Although 57 percent of the U.S. public now believes that sending troops to Iraq was a mistake, the military budget request that President George W. Bush submitted to Congress is the largest since World War II and little money is earmarked for domestic security.
The budget requests 623 billion dollars for military spending for fiscal year 2008, which begins Oct. 1. Defense Department officials say budgets in future years might reflect considerable increases of that figure, based on the rationale that military spending currently represents only a small percentage of national gross domestic product (GDP).
"It seems odd that we’re even talking about the size of the private economy (which GDP partly reflects) since the private economy isn’t funding the military. We should be looking at the amount of public dollars available for investment," Miriam Pemberton, research fellow at Foreign Policy in Focus (FPIF, a joint project of the center-left thinktanks Institute for Policy Studies and International Relations Center), told IPS. Military spending "is now over 50 percent of the discretionary budget," she said.
This budget, submitted in February, reflects the Bush doctrine’s policies of broad unilateral military action, which, according to a report released Thursday by FPIF, "prescribes an expansive, global role for the military, one that even current levels of spending don’t come to close to covering."
The FPIF’s "Report of the Task Force on a Unified Security Budget for the United States" for fiscal year 2008 points to the Bush doctrine of building military size and spending because "we can," but that doesn’t ask the question of if "we should."

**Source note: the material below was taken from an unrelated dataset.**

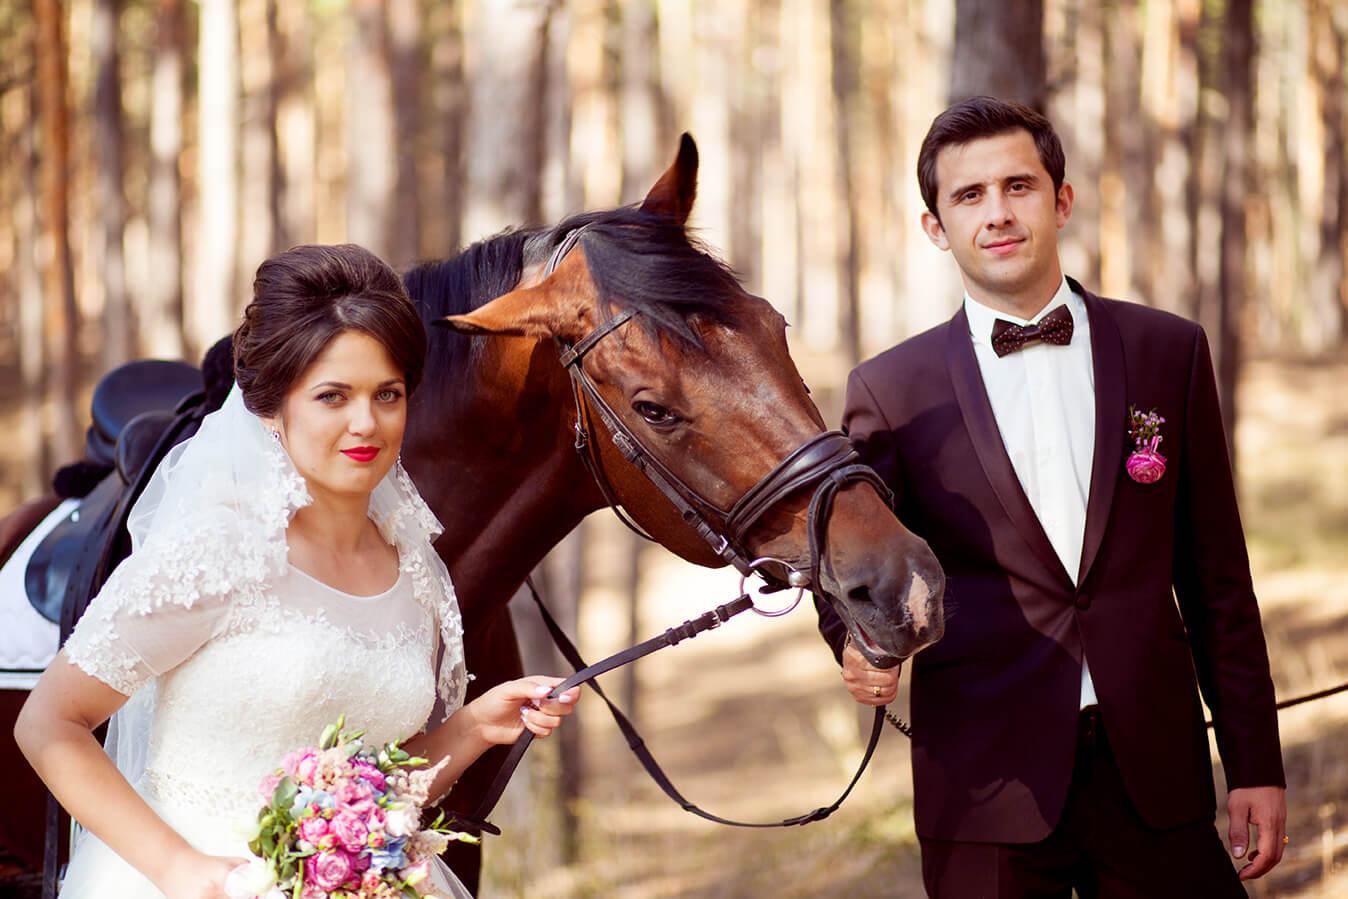 7-konnaja-fotosessija-kiev-semejnyj-detskij-svadebnyj-fotograf-12
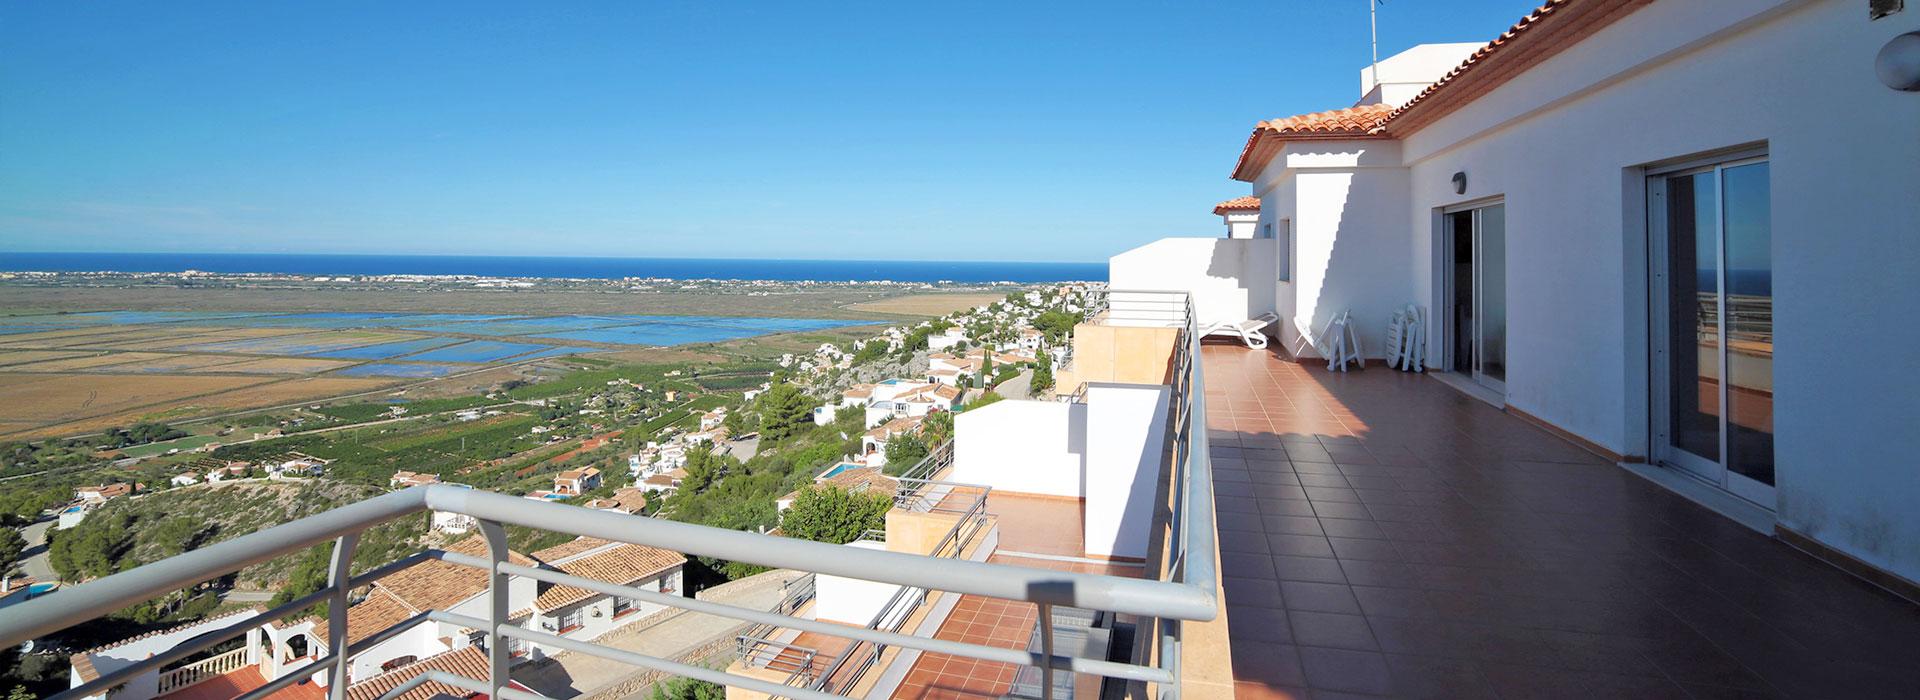 acb.immo - Appartement de 3 chambres avec grande terrasse et solarium à Monte Pego, Dénia

The report’s task force included former Assistant Secretary of Defense Lawrence J. Korb, retired Lt. Gen. Robert G. Gard Jr. and William Johnstone, who served as a professional staff member on the 9/11 Commission that investigated the Sep. 11, 2001 terrorist attacks on the U.S.
The 2008 budget appears to ignore both the recommendations of the Iraq Study Group report, which promoted a shift from a foreign policy strategy of military force to diplomacy, and the latest polls which show that the U.S. public believes the current unilateral foreign policy is eroding U.S. standing around the world and made the country more susceptible to terrorist attacks.
FPIF advocates a unified security budget (USB) which would pull together all the U.S. security tools including military forces, homeland security and preventative nonmilitary international engagement. This would make it easier for Congress to evaluate overall security spending and make the best allocation of resources.
The report voices concern with several security tradeoffs proposed within the 2008 budget.
For example, the F-22 fighter jet program the strategic necessity of which has been seriously questioned is receiving a funding increase of over 600 million dollars in the 2008 budget.
That 600 million dollars could triple the amount the U.S. plans to spend on canceling debts of poor countries, or could increase by 50 percent U.S. contributions to international peacekeeping operations. Or it could more than triple the amount budgeted in 2007 for domestic rail and transit security programs.
FPIF also points to the 800-million-dollar budget for offensive space weapons, which some believe could lead to a new arms race. That sum could have doubled the originally requested budget for the State Department’s Office of Reconstruction and Stabilization a corps of civilian experts in post-conflict rebuilding envisioned for Iraq and other locations which has been publicly supported by the Pentagon.
Security tradeoffs in line with the Bush doctrine have consistently overlooked nonmilitary security and foreign policy expenses, says the FPIF’s report.
"(Vice President) Cheney and others have put together this whole plan that says the answer is to be the sole superpower and maintain such a level of military superiority that no other country will even think about challenging us. But then you get the question of how much is enough?" said Pemberton, principal author of the report.
The proposed 2008 national security budget allocates 90 percent of funds to military expenditures while preventive programs. receive four percent and the Department of Homeland Security receives six percent.
The task force advocates a 56-billion-dollar cut in offensive military spending and a 50-billion-dollar increase on deface and prevention, which would convert a militarized 9-to-1 security budget ratio to a balance of 5-to-1.
While military spending remains a high priority in the national security budget, the State Department has resorted to receiving private donations to subsidize its nonproliferation programs. such as the five million dollars of private money paid for the removal of highly enriched uranium from Serbia.
"It was embarrassing (but) we needed the money," said a State Department official quoted in the report.